Source data below:

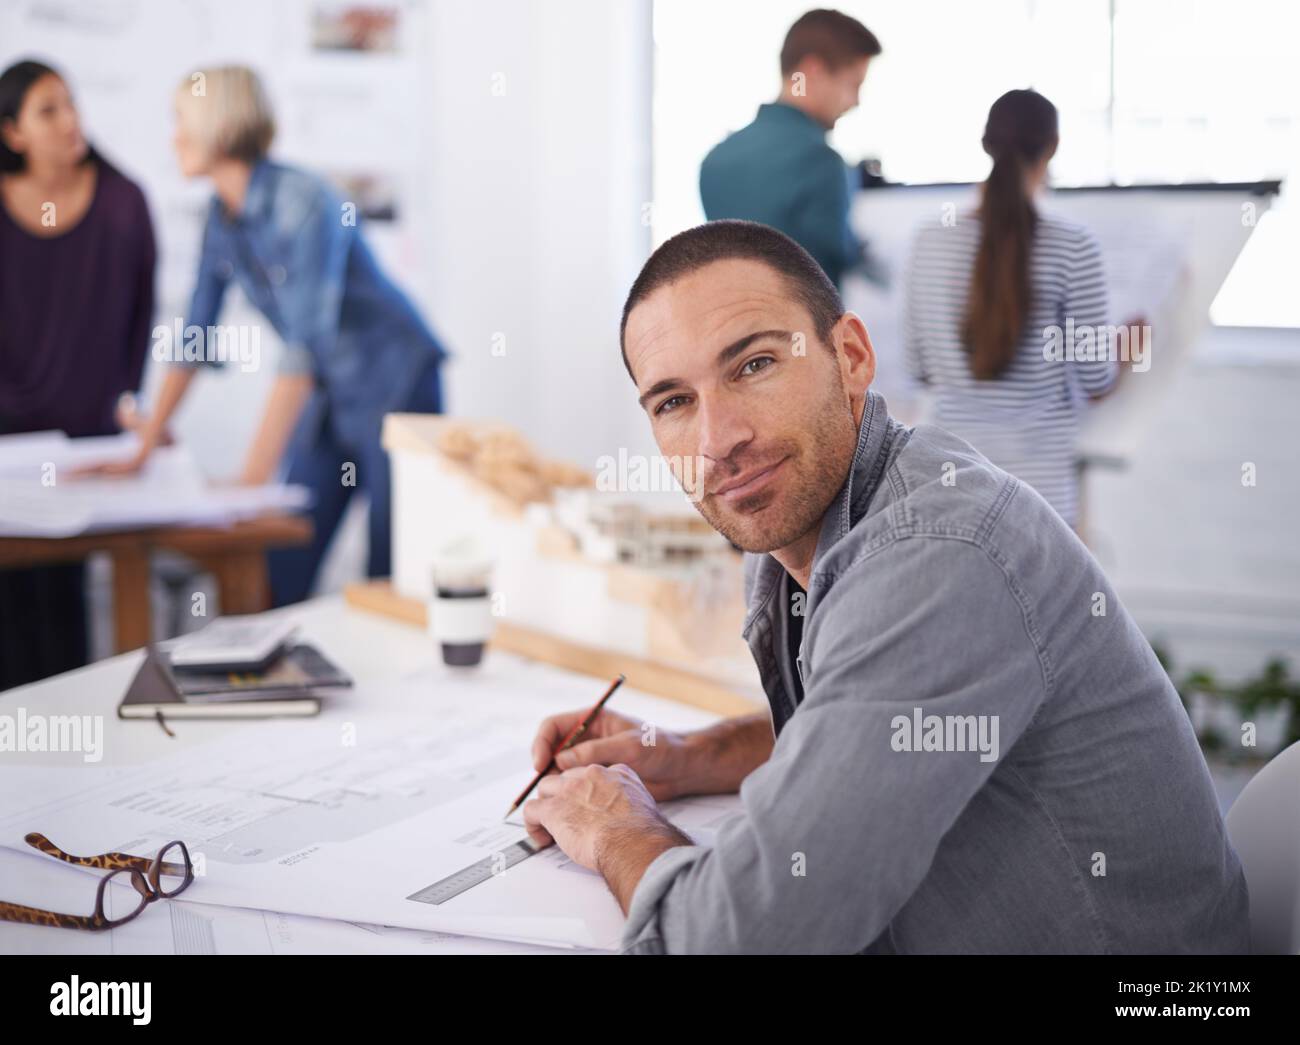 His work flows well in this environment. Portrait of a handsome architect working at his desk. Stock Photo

End of Source data.
Source data below:

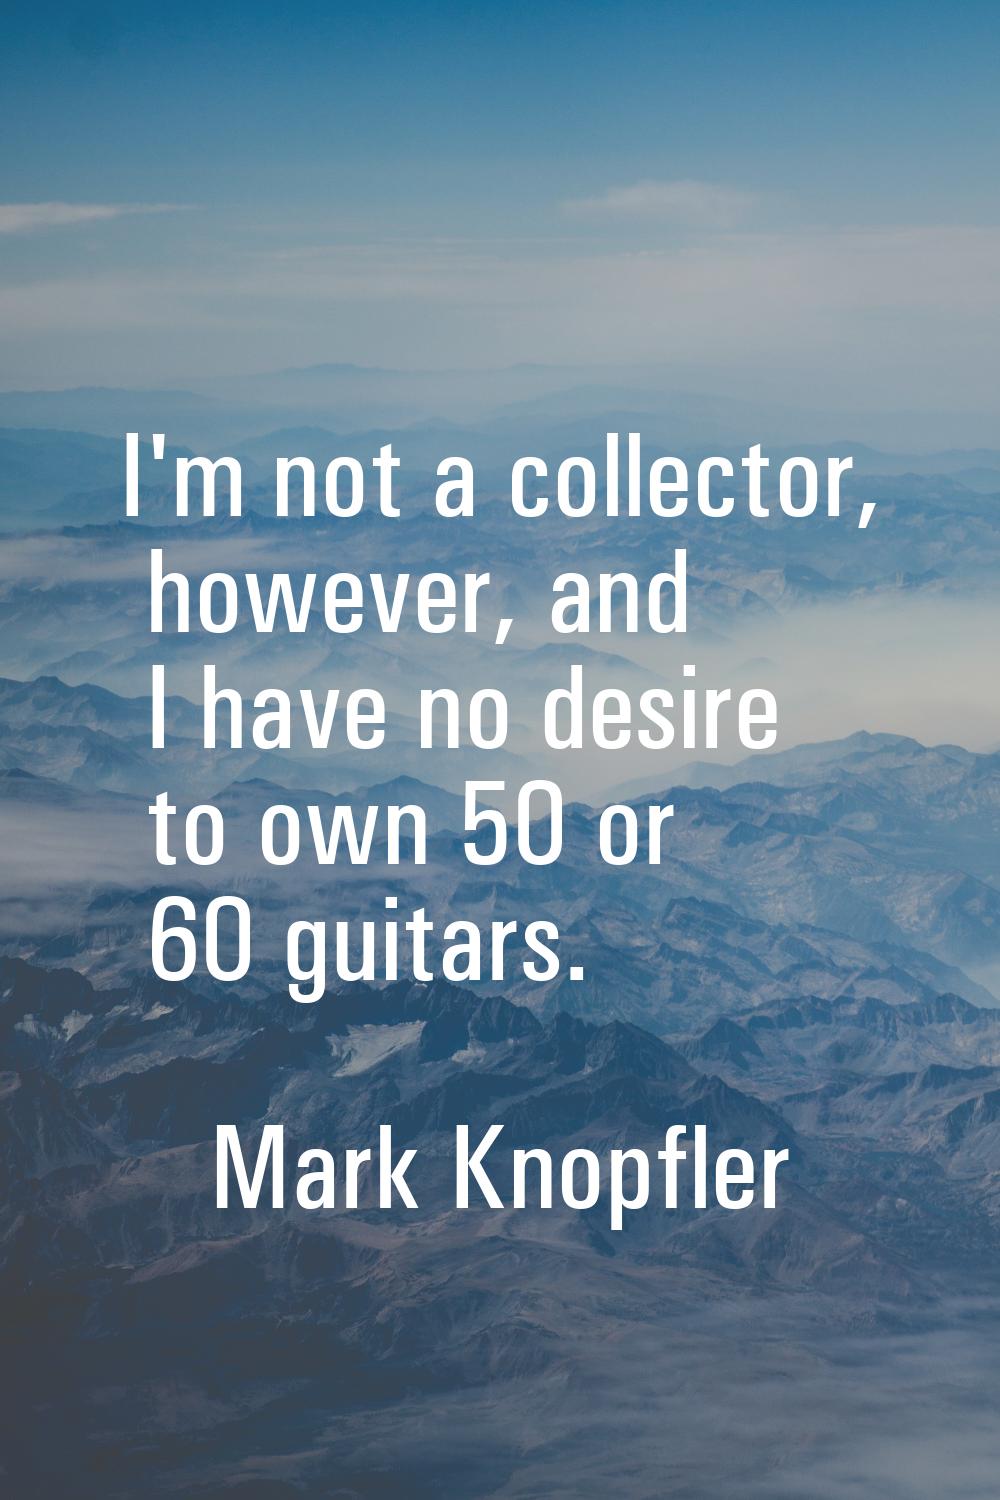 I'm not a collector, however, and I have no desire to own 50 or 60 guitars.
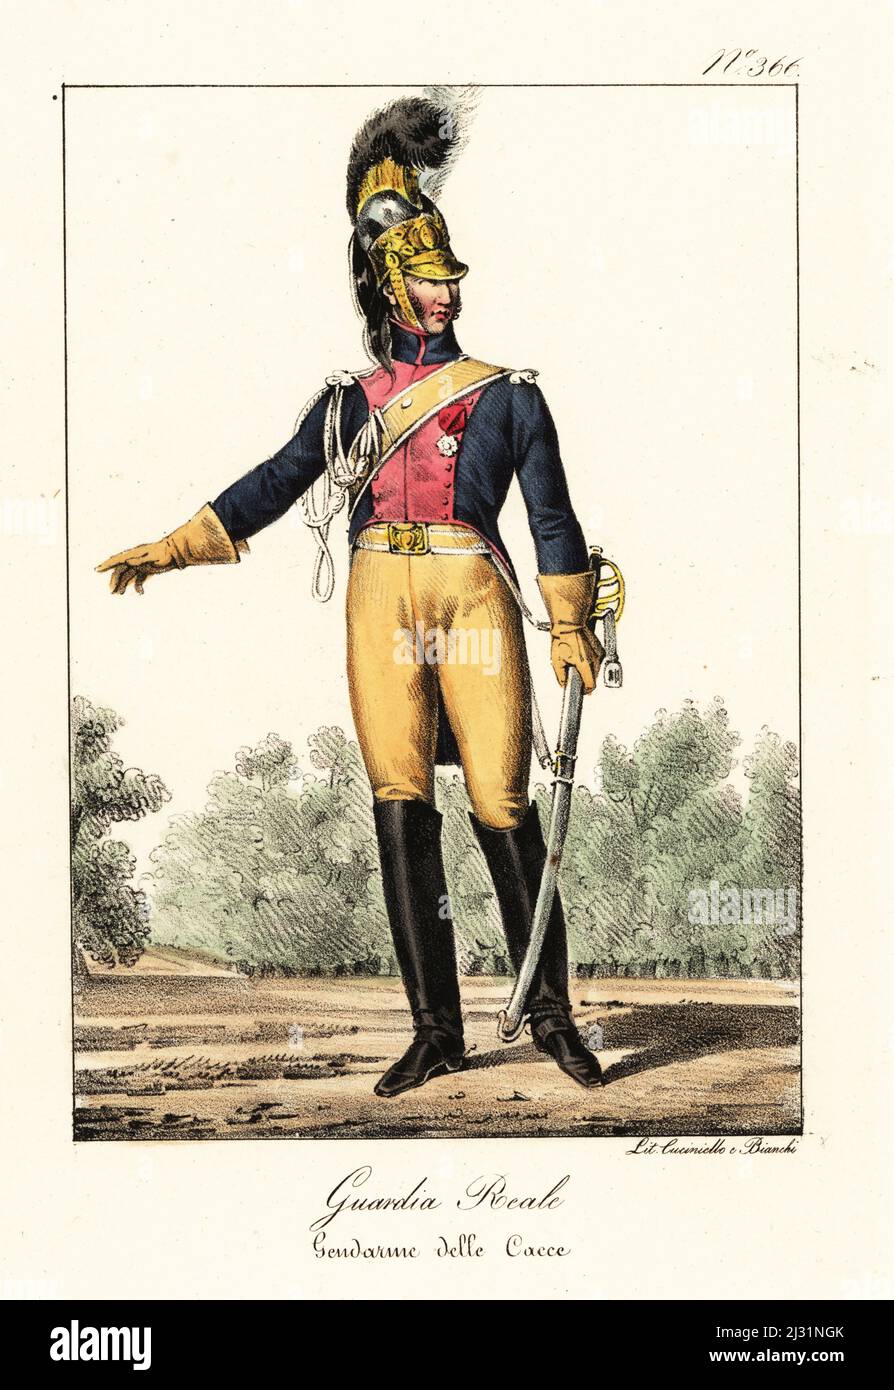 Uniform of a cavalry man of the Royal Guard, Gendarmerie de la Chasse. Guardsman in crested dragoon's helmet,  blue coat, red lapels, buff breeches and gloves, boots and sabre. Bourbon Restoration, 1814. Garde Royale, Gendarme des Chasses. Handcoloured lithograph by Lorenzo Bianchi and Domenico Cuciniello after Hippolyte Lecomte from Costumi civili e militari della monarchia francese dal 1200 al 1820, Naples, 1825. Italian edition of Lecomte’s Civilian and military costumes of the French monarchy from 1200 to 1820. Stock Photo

End of Source data.

Exercise description:
When copying from the data above, begin at the line containing "I'm not a collector, however, and" and end at the line containing "Uniform of a"; return those lines exactly and leave all pictures behind.

Result of this exercise:
 I'm not a collector, however, and I have no desire to own 50 or 60 guitars.
 Uniform of a cavalry man of the Royal Guard, Gendarmerie de la Chasse. Guardsman in crested dragoon's helmet,  blue coat, red lapels, buff breeches and gloves, boots and sabre. Bourbon Restoration, 1814. Garde Royale, Gendarme des Chasses. Handcoloured lithograph by Lorenzo Bianchi and Domenico Cuciniello after Hippolyte Lecomte from Costumi civili e militari della monarchia francese dal 1200 al 1820, Naples, 1825. Italian edition of Lecomte’s Civilian and military costumes of the French monarchy from 1200 to 1820. Stock Photo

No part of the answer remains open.